I think it will be helpful for you to get some support so that you can support her best you can, Macmillan and cancerbacup are both very good at info and support.
I think you have to be guided by your friend, there will be times when she wants distractions from cancer and other times when she will want to talk about it, there will be lots of people offering distractions but less people who will allow her to talk, we found that lots of people said things like if you stay positive you will beat it, not very helpful when my husband and I knew he was going to die, made him feel like he hadn't been positive enough.
I found the Macmillan online forums very useful and it was good for me to be able to have space to talk about things that I didn't want to worry Steve about, mumsnet was very useful and gave me a lot of support throughout his illness and death.

Cymbeline Sat 22-Aug-09 17:43:37

Thankyou OJ, nice to see you as well, how have you been?
I'm grateful for your perspective. It is so hard to know what might help and what might not. I guess I'll let her take the lead.

NanaNina Tue 25-Aug-09 19:40:39

Cymbeline - So very sorry to hear about your friend. My very very best and closest friends died 14 years ago but it is still clear in my mind as is the aftermath of her death.

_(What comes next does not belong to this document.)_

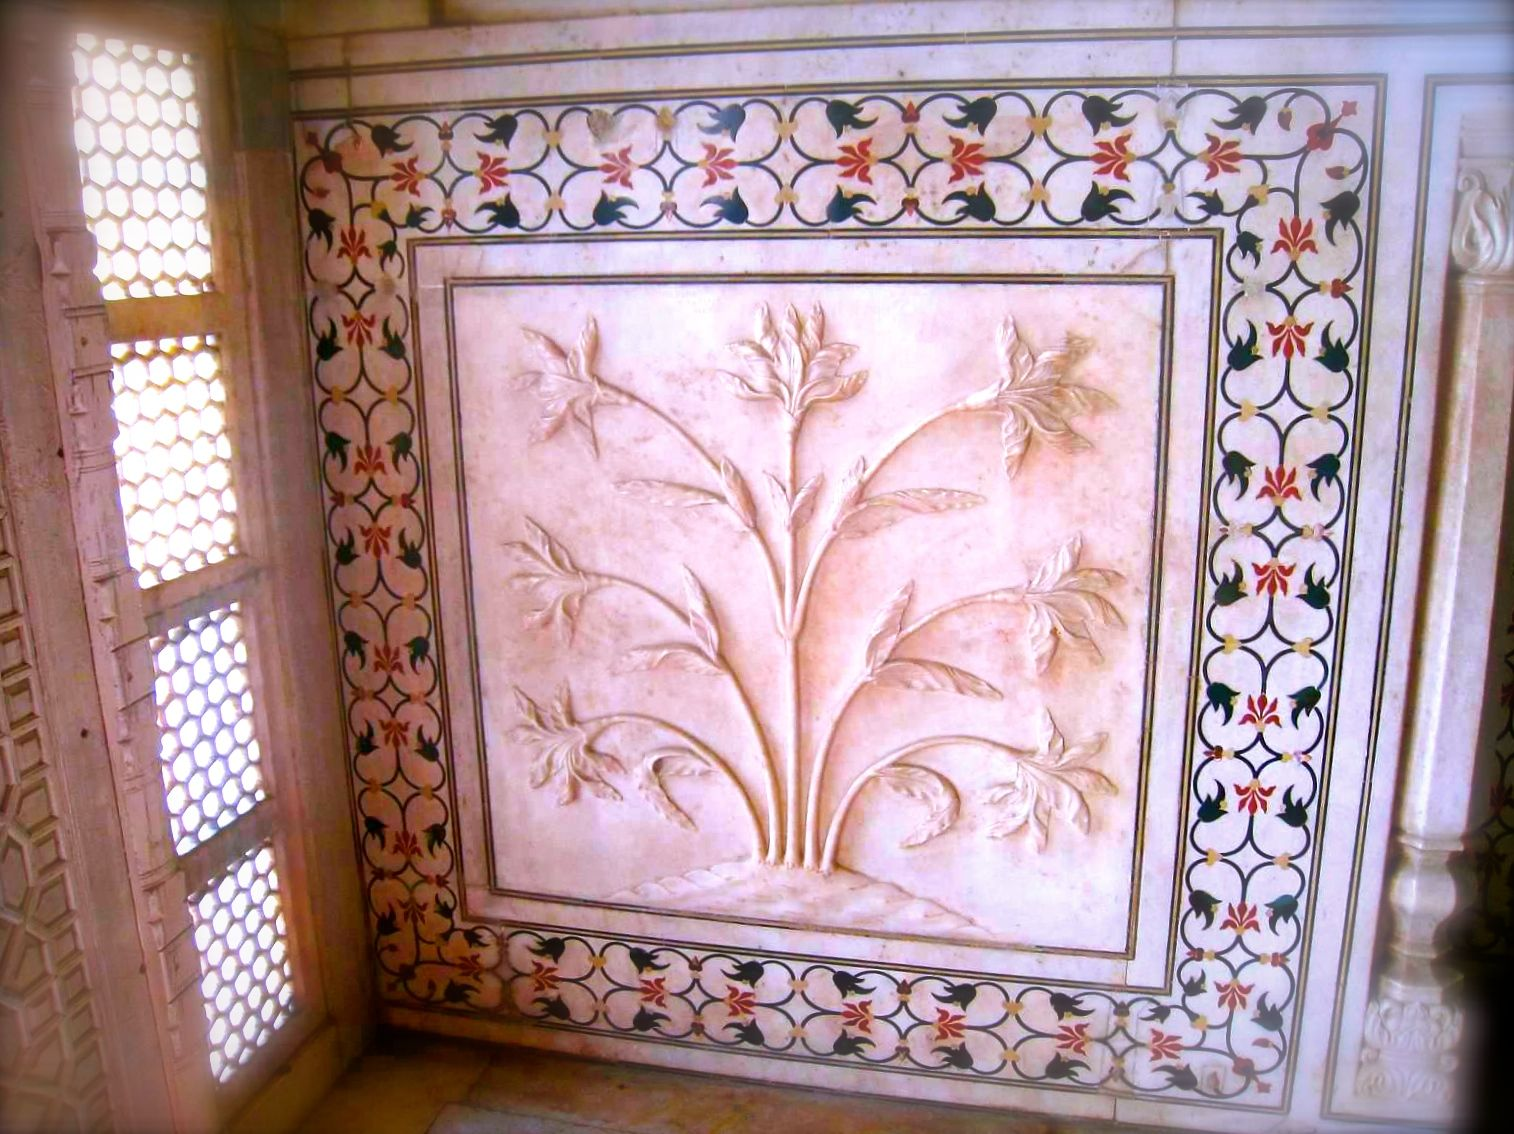 Taj Mahal - interior - detail, detail, detail and the talent ...
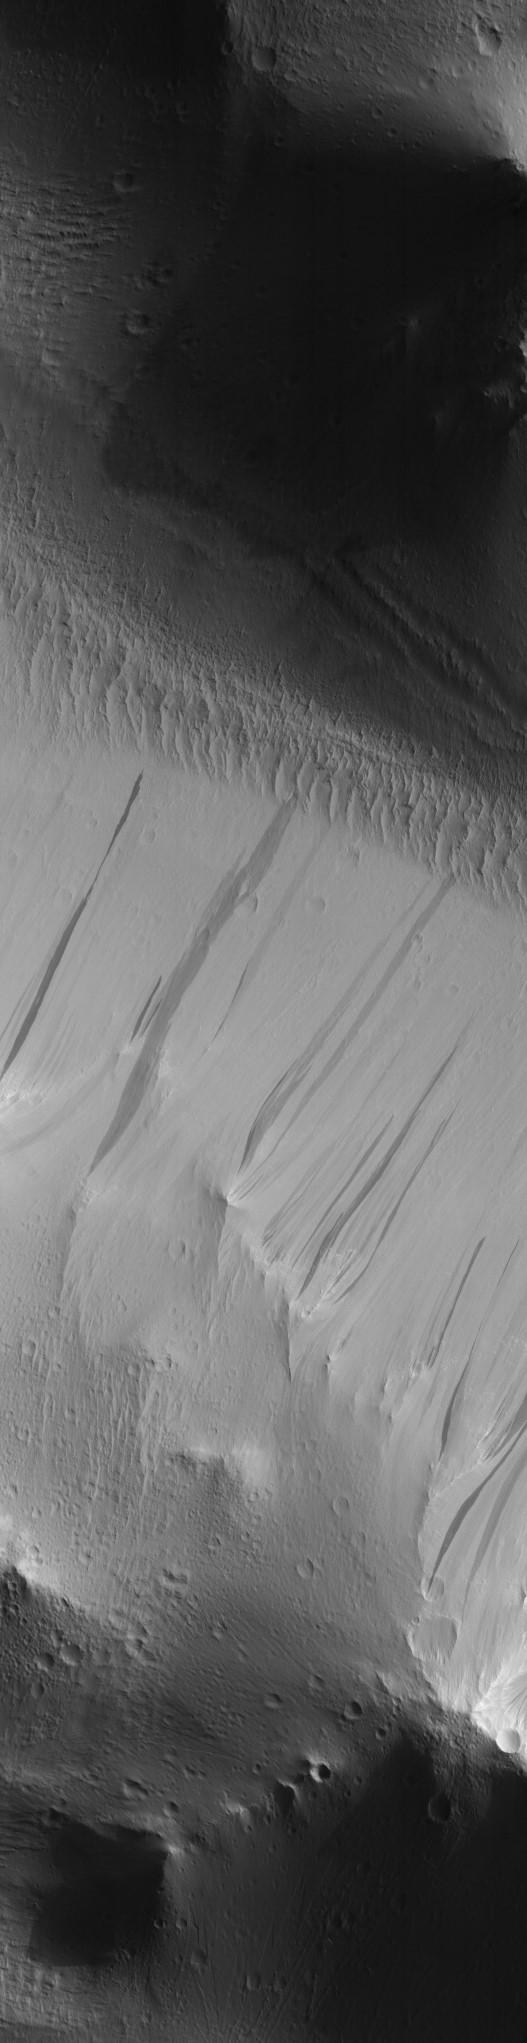 Streaks near Olympus Mons volcanic base. Image credit: HiRISE-ASU

I agree with OnlyJoking. In these awful situations, many people don't know how to react and say unhelpful things like "Oh yu'll be fine" or worse still start talking about some friend who "beat cancer" by eating 2lbs of carrots a day or something ridiculous. I'm not saying to be too mournful but I think with close friends you can be honest and yes allow her to talk about how she feels - no matter how painful that is for you. You can cry together - nothing wrong with that. My friend made me promise to tell her the truth about test results etc and I always did that. I tried
to be cheerful when with her in hospital and
then cried all the way home.

She may need to talk about death or her fear of dying and you need to be able to allow her to do this without being overwhelmed yourself. Yes I agree you can't burden her with how upset you are - she will know anyway but it doesn't hurt to be honest.

I wouldn't try too hard to think how you will cope if she does die, time enough for that if it happens. You have enough on your plate just now dealing with what IS happening.

And look after yourself - be kind to yourself
and get support for yourself from your family/other friends.

You sound like a lovely friend and I'm sure you are appreciated by your friend.